When showing the extrinsic parameters of calibration (the 3D model including the camera position and the position of the calibration checkerboards), the toolbox does not include units for the axes. It seemed logical to assume that they are in mm, but the z values displayed can not possibly be correct if they are indeed in mm. I'm assuming that there is some transformation going on, perhaps having to do with optical coordinates and units, but I can't figure it out from the documentation. Has anyone solved this problem?
If you marked the side length of your squares in mm, then the z-distance shown would be in mm.
I know next to nothing about matlabs (not entirely true but i avoid matlab wherever I can, and that would be almost always possible) tracking utilities but here's some general info.
Pixel dimension on the sensor has nothing to do with the size of the pixel on screen, or in model space.
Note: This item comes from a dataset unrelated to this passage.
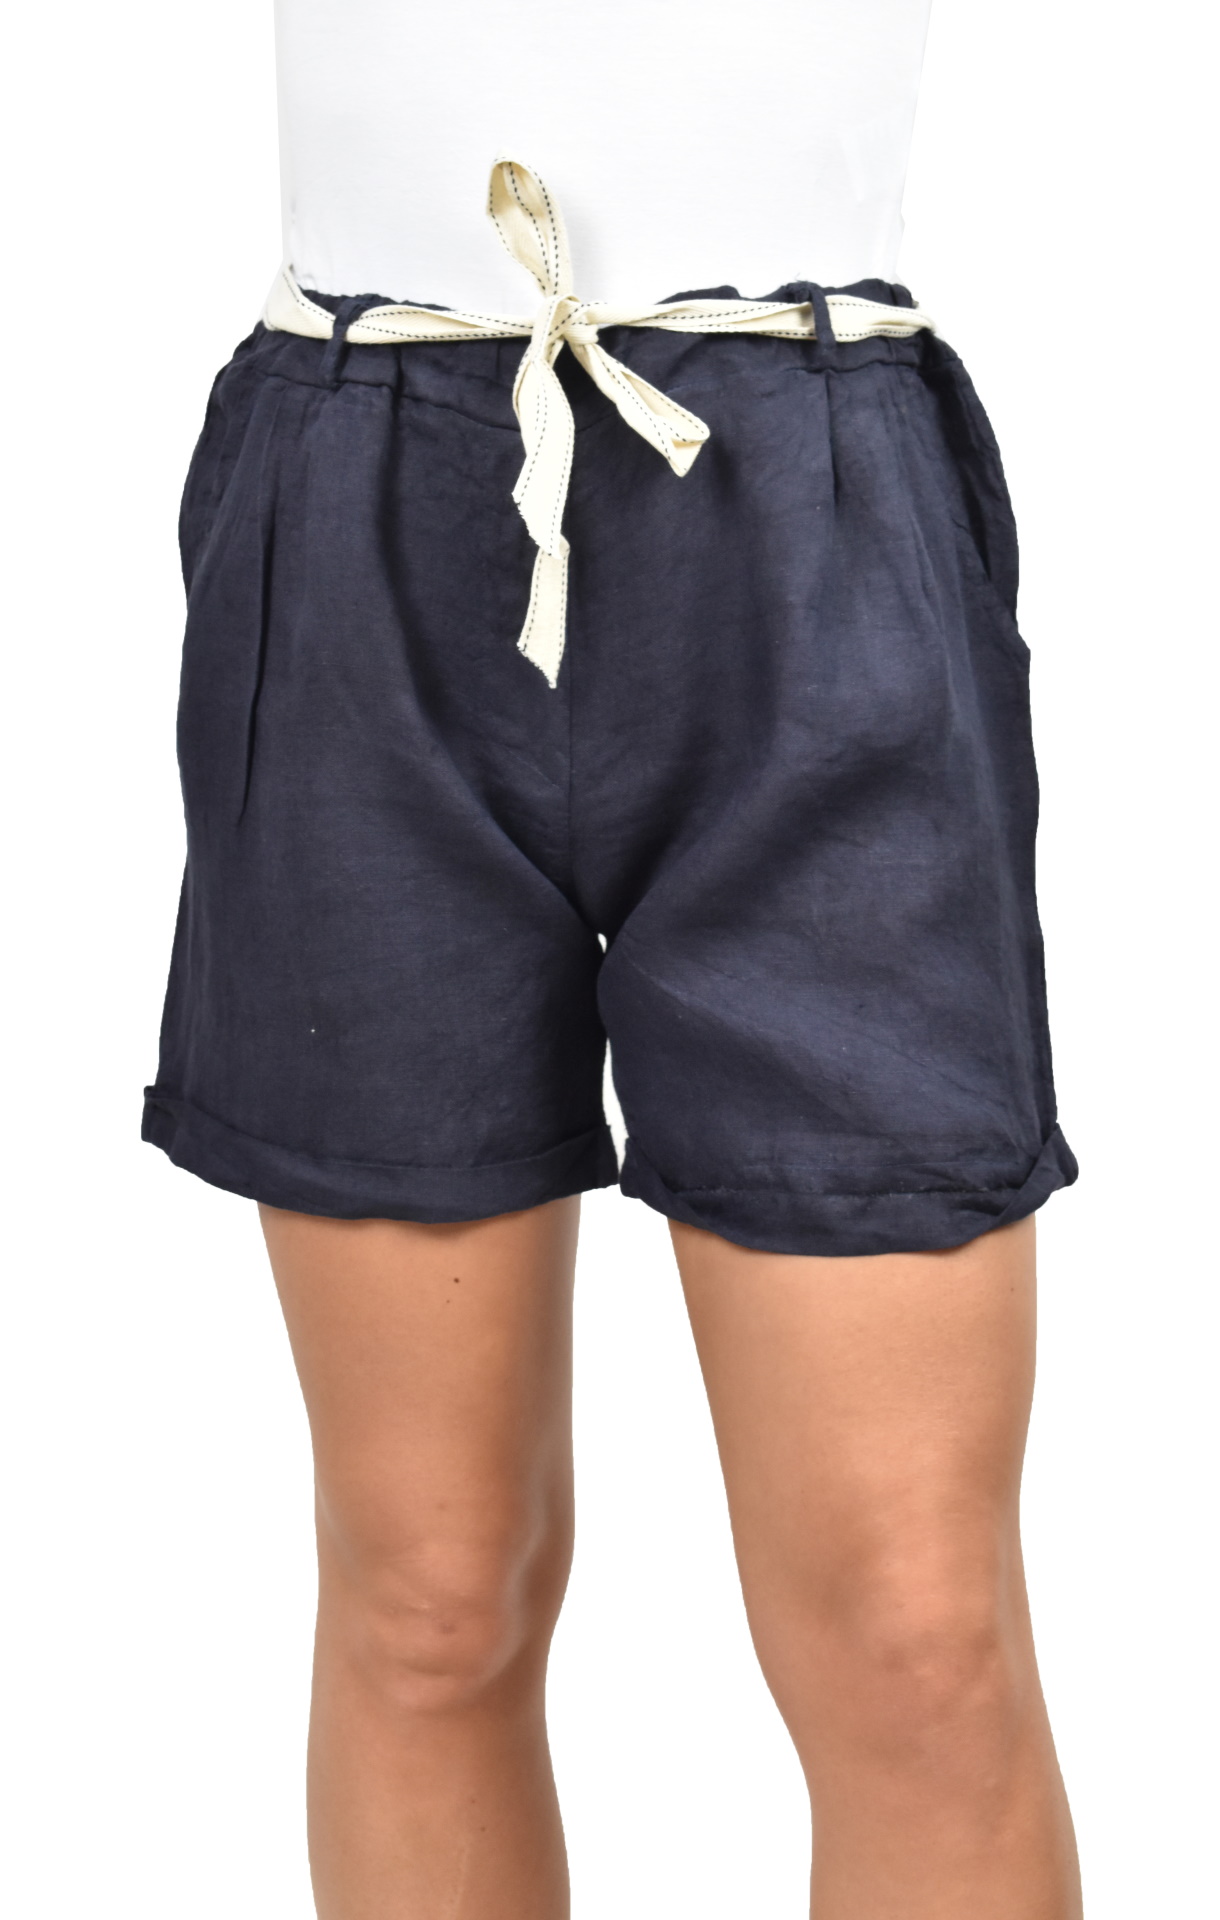 PANMAXPE2101 BLU PANTALONCINO DA DONNA 100 LINO 3 1stAmerican pantaloncino da donna 100% lino Made in Italy - bermuda mare

For all purposes a camera produces a picture that has no meaningful units. A tracking process is unaware of the scale of the scene. (the perspective projection takes care of that). You can re insert a scale by taking 2 tracked points and measuring the distance between those points. This is the solver spaces distance is pretty much arbitrary. Now if you know the real distance between these points you can get a conversion factor. By doing:
real distance / solver space distance.
There's really now way to knowing this distance form the cameras settings as the camera is unable to differentiate between different scales of scenes. So a perfect 1:100 replica is no different for the solver than the real deal. So you must allays relate to something you can measure separately for each measuring session. The camera always produces something that's relative in nature.